Stored data entries:
########

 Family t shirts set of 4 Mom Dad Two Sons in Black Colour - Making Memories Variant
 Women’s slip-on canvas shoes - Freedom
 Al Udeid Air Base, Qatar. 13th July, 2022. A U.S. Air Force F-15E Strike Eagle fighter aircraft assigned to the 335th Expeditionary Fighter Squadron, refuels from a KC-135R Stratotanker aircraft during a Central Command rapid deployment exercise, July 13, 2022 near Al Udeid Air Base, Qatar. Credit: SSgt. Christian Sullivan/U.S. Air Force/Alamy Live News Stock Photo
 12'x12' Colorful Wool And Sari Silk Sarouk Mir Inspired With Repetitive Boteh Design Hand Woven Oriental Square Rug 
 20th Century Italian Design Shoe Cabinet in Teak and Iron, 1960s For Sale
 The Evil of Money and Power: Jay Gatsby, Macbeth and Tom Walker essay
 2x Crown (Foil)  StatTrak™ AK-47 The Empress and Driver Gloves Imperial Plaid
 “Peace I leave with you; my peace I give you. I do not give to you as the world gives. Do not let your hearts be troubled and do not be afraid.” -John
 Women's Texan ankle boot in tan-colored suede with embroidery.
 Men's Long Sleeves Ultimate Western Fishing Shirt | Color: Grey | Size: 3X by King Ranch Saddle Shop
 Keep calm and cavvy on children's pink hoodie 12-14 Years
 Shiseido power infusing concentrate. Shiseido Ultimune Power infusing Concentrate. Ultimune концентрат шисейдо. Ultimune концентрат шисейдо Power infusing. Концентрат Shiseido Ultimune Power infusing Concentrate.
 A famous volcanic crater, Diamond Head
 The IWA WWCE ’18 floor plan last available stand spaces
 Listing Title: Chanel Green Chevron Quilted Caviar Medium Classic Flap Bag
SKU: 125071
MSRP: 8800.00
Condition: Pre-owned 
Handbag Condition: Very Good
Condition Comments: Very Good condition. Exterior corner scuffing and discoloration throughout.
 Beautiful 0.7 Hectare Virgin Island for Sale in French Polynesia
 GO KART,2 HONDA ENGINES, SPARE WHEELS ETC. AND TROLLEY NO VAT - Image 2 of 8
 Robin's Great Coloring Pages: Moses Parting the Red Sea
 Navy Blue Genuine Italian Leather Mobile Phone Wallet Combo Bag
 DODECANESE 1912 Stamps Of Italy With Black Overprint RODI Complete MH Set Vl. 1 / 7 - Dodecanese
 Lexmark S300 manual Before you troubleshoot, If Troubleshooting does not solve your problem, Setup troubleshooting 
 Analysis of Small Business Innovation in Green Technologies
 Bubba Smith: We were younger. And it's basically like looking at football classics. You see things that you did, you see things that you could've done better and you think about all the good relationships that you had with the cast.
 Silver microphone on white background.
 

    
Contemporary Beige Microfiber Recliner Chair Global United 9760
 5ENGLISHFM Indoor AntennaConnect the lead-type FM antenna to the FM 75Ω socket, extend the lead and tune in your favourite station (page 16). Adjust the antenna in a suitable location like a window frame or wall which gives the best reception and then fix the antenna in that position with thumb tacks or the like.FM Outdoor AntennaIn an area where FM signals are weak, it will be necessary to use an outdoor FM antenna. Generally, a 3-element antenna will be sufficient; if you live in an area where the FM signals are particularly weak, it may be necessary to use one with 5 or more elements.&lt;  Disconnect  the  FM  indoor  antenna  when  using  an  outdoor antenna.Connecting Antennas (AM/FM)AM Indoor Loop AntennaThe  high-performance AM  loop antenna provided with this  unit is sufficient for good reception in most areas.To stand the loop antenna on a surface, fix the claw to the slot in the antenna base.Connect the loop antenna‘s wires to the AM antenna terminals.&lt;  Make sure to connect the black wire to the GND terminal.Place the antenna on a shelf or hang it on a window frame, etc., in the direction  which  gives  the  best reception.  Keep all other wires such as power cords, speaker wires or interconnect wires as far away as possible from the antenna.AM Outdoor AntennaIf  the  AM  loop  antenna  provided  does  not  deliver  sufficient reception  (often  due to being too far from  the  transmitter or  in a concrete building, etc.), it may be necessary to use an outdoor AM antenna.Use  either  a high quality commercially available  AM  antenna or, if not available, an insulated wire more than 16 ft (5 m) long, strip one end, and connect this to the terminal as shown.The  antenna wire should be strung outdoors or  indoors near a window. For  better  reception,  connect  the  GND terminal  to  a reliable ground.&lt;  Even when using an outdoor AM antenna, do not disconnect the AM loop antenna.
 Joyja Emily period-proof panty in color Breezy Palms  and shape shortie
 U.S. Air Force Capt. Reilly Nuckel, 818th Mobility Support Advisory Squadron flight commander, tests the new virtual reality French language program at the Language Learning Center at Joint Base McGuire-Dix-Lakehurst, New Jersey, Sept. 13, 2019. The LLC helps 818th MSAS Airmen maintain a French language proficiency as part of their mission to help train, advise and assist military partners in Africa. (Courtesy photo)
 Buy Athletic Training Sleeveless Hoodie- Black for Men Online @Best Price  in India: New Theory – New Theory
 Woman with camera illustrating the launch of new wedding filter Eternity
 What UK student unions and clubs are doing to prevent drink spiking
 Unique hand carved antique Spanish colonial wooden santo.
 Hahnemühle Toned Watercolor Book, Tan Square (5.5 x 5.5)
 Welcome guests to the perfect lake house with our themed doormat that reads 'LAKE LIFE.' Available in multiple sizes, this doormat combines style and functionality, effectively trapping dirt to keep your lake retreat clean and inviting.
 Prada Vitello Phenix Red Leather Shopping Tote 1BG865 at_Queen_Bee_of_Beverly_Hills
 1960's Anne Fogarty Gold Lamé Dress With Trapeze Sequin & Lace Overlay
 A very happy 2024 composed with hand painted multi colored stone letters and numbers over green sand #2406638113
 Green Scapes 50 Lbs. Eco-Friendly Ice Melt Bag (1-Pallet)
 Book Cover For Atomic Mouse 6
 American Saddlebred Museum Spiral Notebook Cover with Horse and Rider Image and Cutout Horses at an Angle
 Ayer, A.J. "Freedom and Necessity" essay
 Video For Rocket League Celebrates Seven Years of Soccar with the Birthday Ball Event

########

* [Task directions]: Please copy the lines in the records above between the one holding "DODECANESE 1912 Stamps" and the one holding "Contemporary Beige Microfiber", inclusive, exactly and with no other line.

* [Expected answer]:
 DODECANESE 1912 Stamps Of Italy With Black Overprint RODI Complete MH Set Vl. 1 / 7 - Dodecanese
 Lexmark S300 manual Before you troubleshoot, If Troubleshooting does not solve your problem, Setup troubleshooting 
 Analysis of Small Business Innovation in Green Technologies
 Bubba Smith: We were younger. And it's basically like looking at football classics. You see things that you did, you see things that you could've done better and you think about all the good relationships that you had with the cast.
 Silver microphone on white background.
 

    
Contemporary Beige Microfiber Recliner Chair Global United 9760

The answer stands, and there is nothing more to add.